Eliminating the structural budget deficit in the UK is going to take more than a prolonged period of austerity. Most people agree on this, and attempts to balance the books will take something more like a decent boost to economic growth. Of course, everyone has their own ideas about how to stimulate growth, but none of the suggestions offer sure-fire solutions - and without exception they involve spending more money just when spending is under pressure.
But boosting the pace of housing construction could be a relatively cheap and yet extremely effective way of tackling the problem, according to housebuilder
Indeed, a positive trend is already in place because, while UK GDP is flat at best, Berkeley Group alone increased its contribution to GDP by 16 per cent in 2012. Just this one housebuilder has contributed enough tax over the past five years to pay the salaries of 7,896 registered nurses. The point here is that all the housebuilders could make a much bigger contribution by increasing output, if only the conditions for doing so were more favourable.

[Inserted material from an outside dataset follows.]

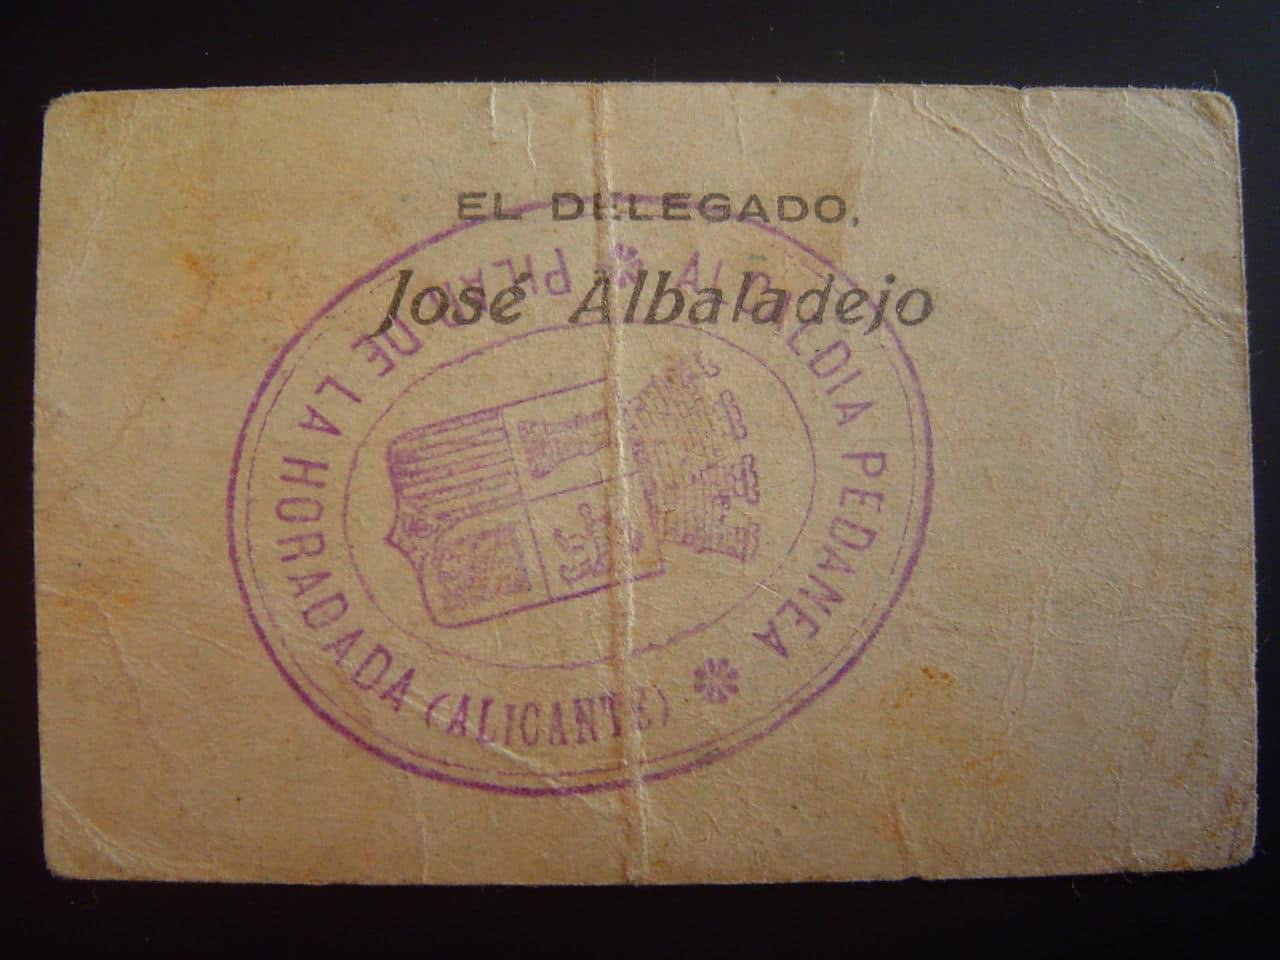 25 centimos Pilar de la Horadada (Alicante) 1ª emision DSC04346

In fact, managing director of Berkeley, Rob Perrins, reckons that the group could invest 30 per cent more over the coming year if the government created the right conditions.
Mr Perrins believes that the message has already sunk in at government level, but not so much at local authority level, and this is where significant advances could be made in unlocking the key to greater growth. "Whitehall needs to get alongside local government and help them make decisions more quickly. We need local plans in place and early involvement from councillors," he added. And despite all the efforts to fast-track applications, it is still taking up to two years from a planning application being made to lifting the first shovel.
There are other issues that need to be addressed, notably restrictions on mortgage availability. Banks are operating under much tighter rules, and while measures such as NewBuy and Funding for Lending will go some way towards addressing the problem, there are around 2.9m potential housebuyers who cannot secure a mortgage under the current regime who would have succeeded before the credit crunch. True, mortgage lending criteria were too relaxed before the financial crisis, but arguably the opposite now applies.
However, building 240,000 houses a year would require a transformational change. After all, annual completions haven't been anything close to this for 37 years. And private construction has never been much more than 200,000 a year since records began.